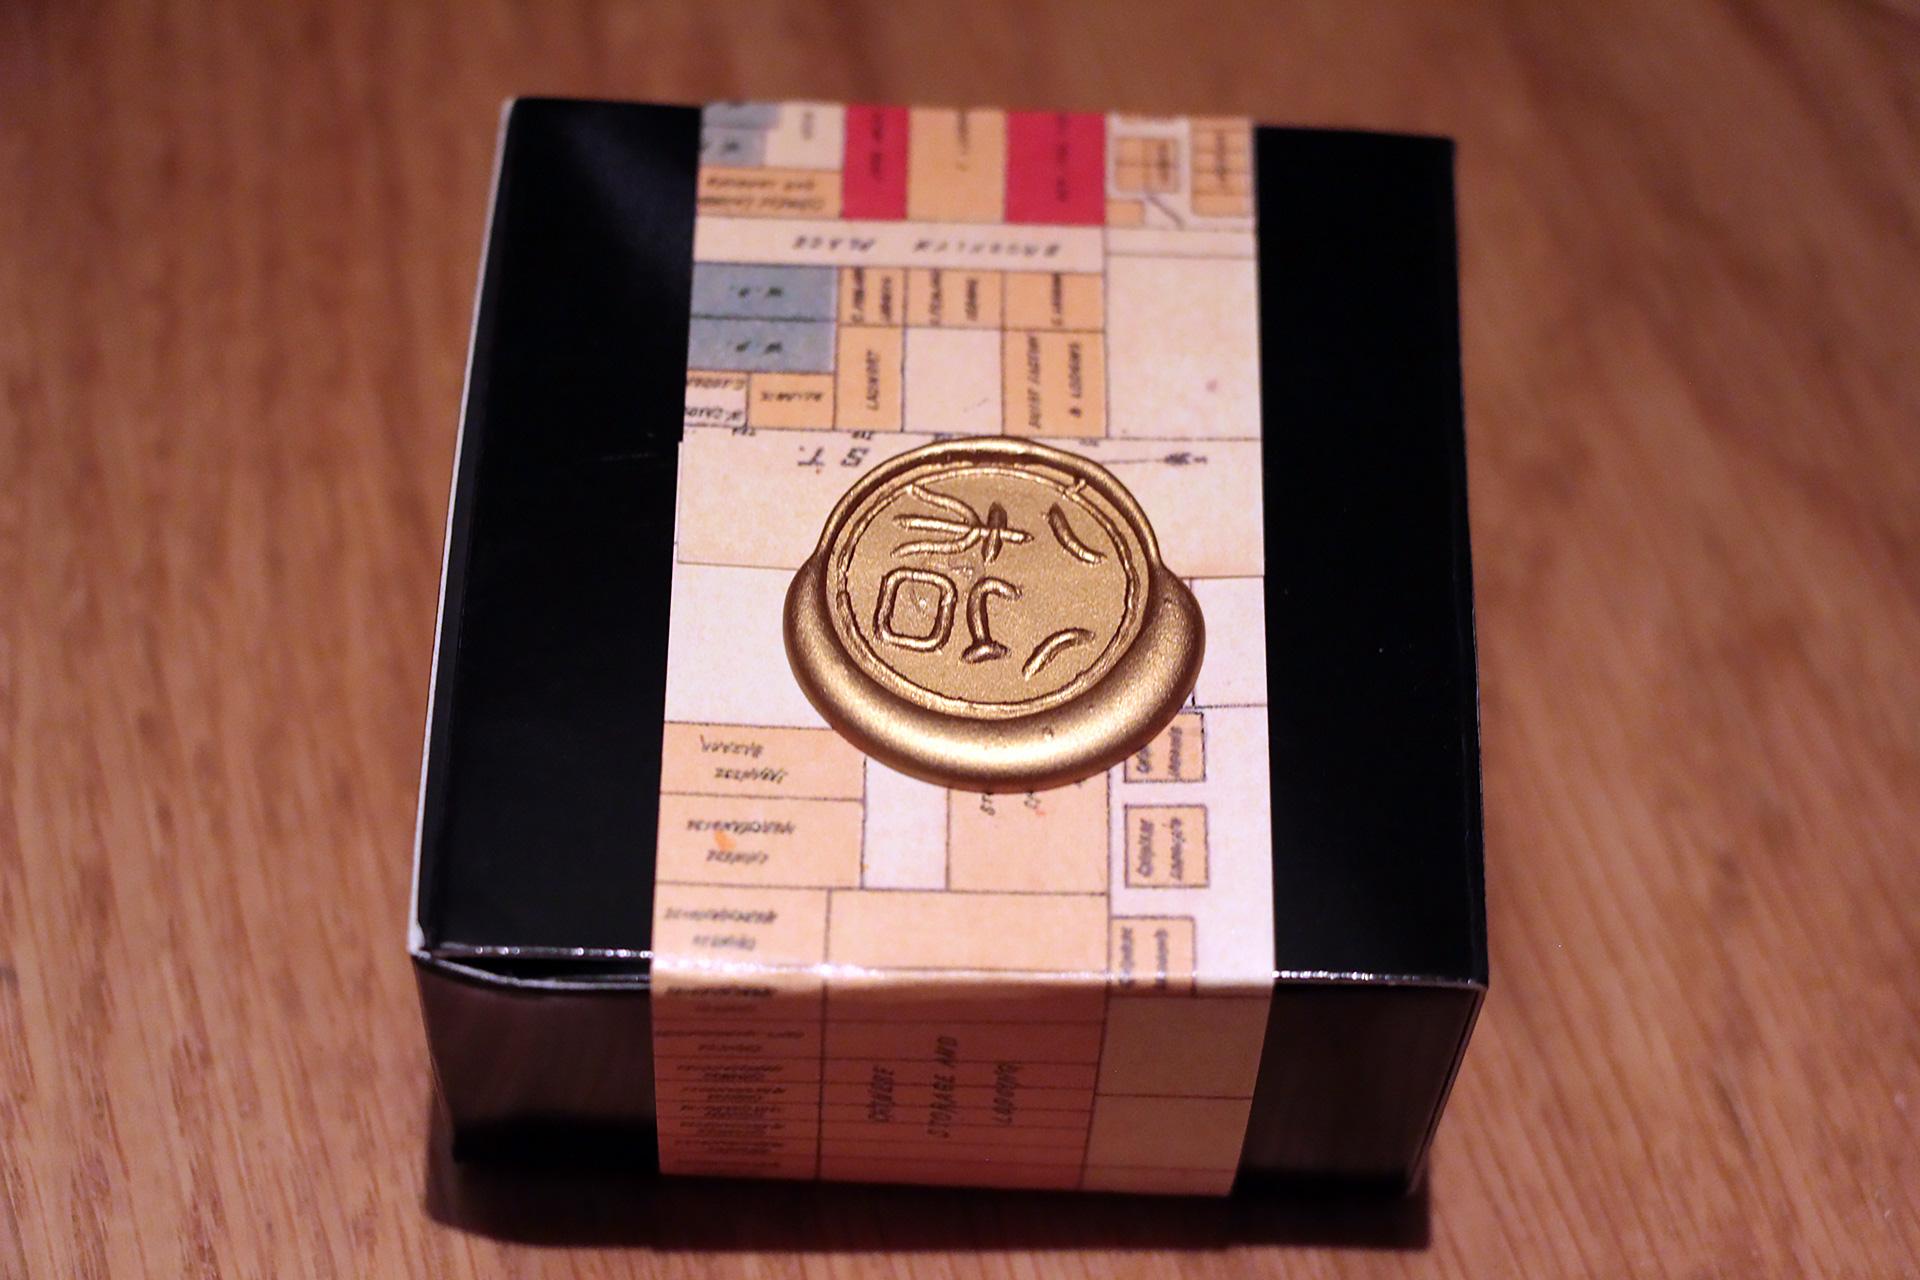 Microbatch bonbons by Oakland chocolatier Karen Urbanek
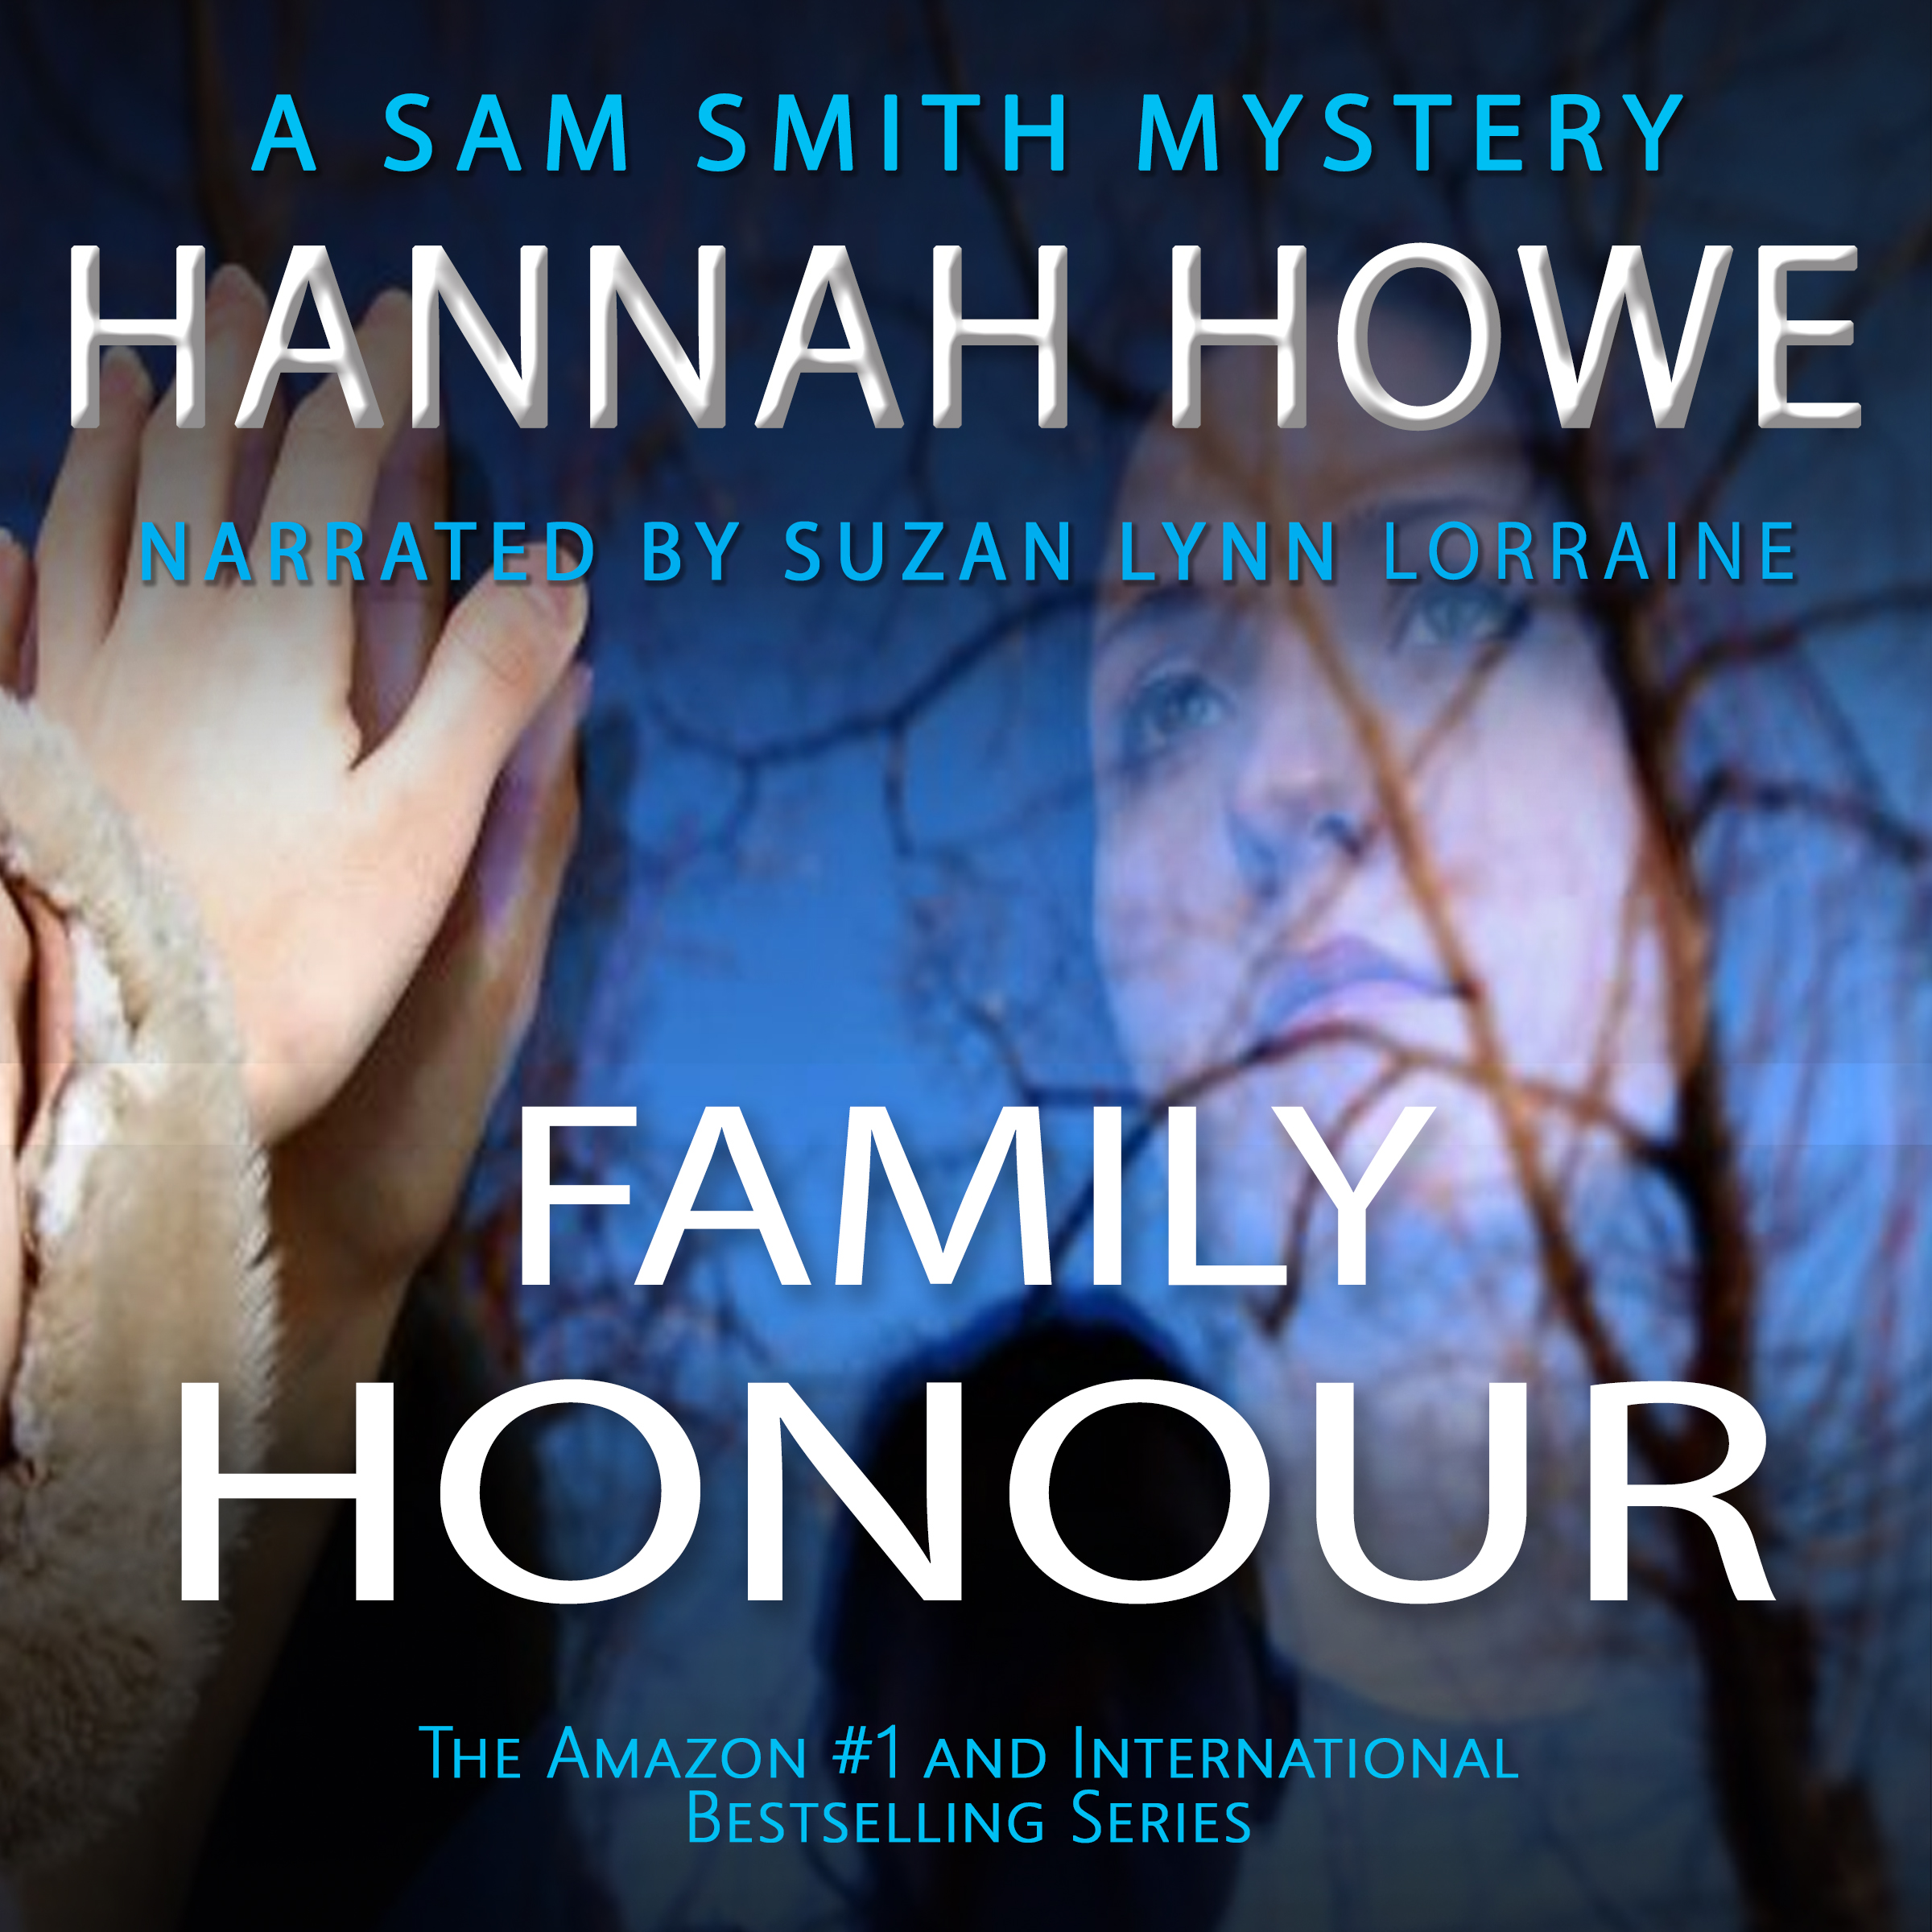 FAMILY HONOUR AUDIO BOOK
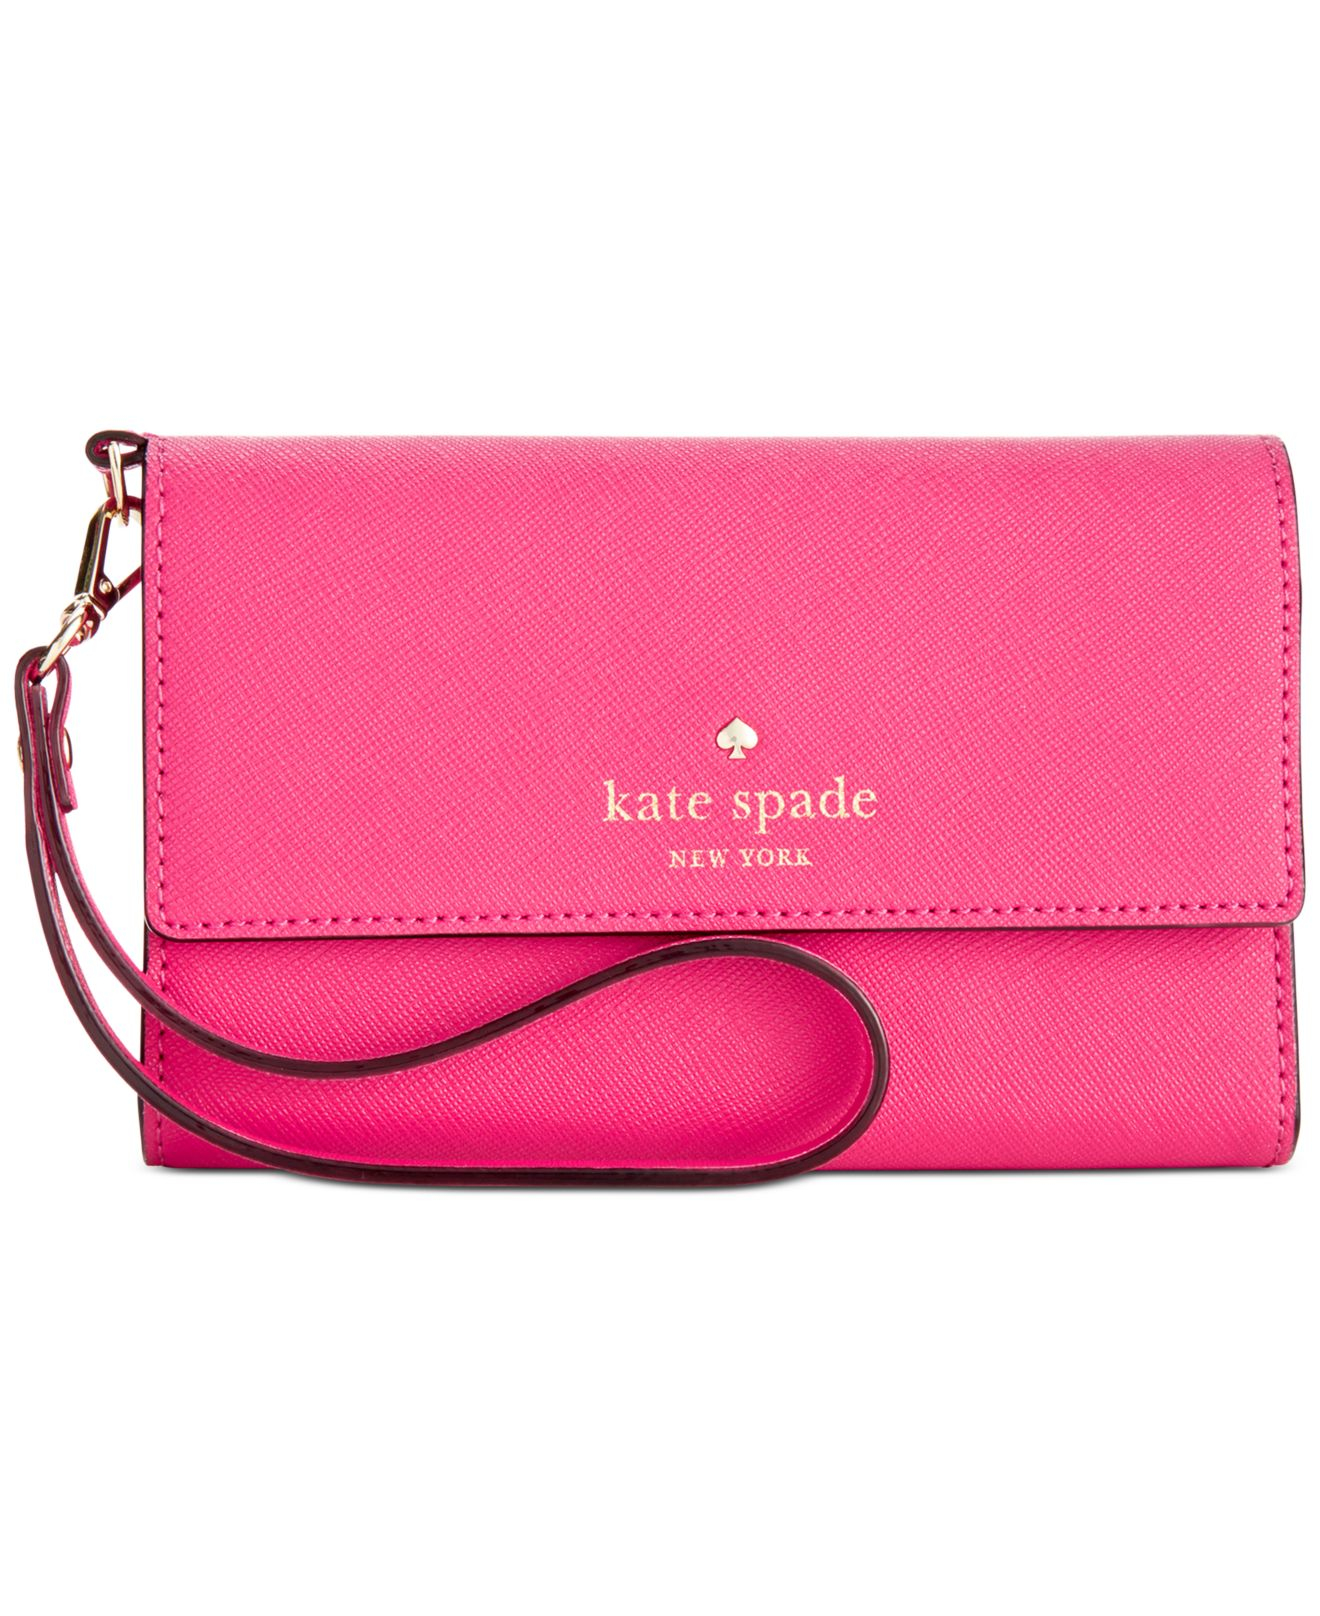 Iphone  Plus Wristlet Kate Spade

• **THE TASK**:
Please give back the data above word for word, with no pictures included.

• **RESPONSE FOR THIS EXERCISE**:
 Microbatch bonbons by Oakland chocolatier Karen Urbanek
 FAMILY HONOUR AUDIO BOOK
 Iphone  Plus Wristlet Kate Spade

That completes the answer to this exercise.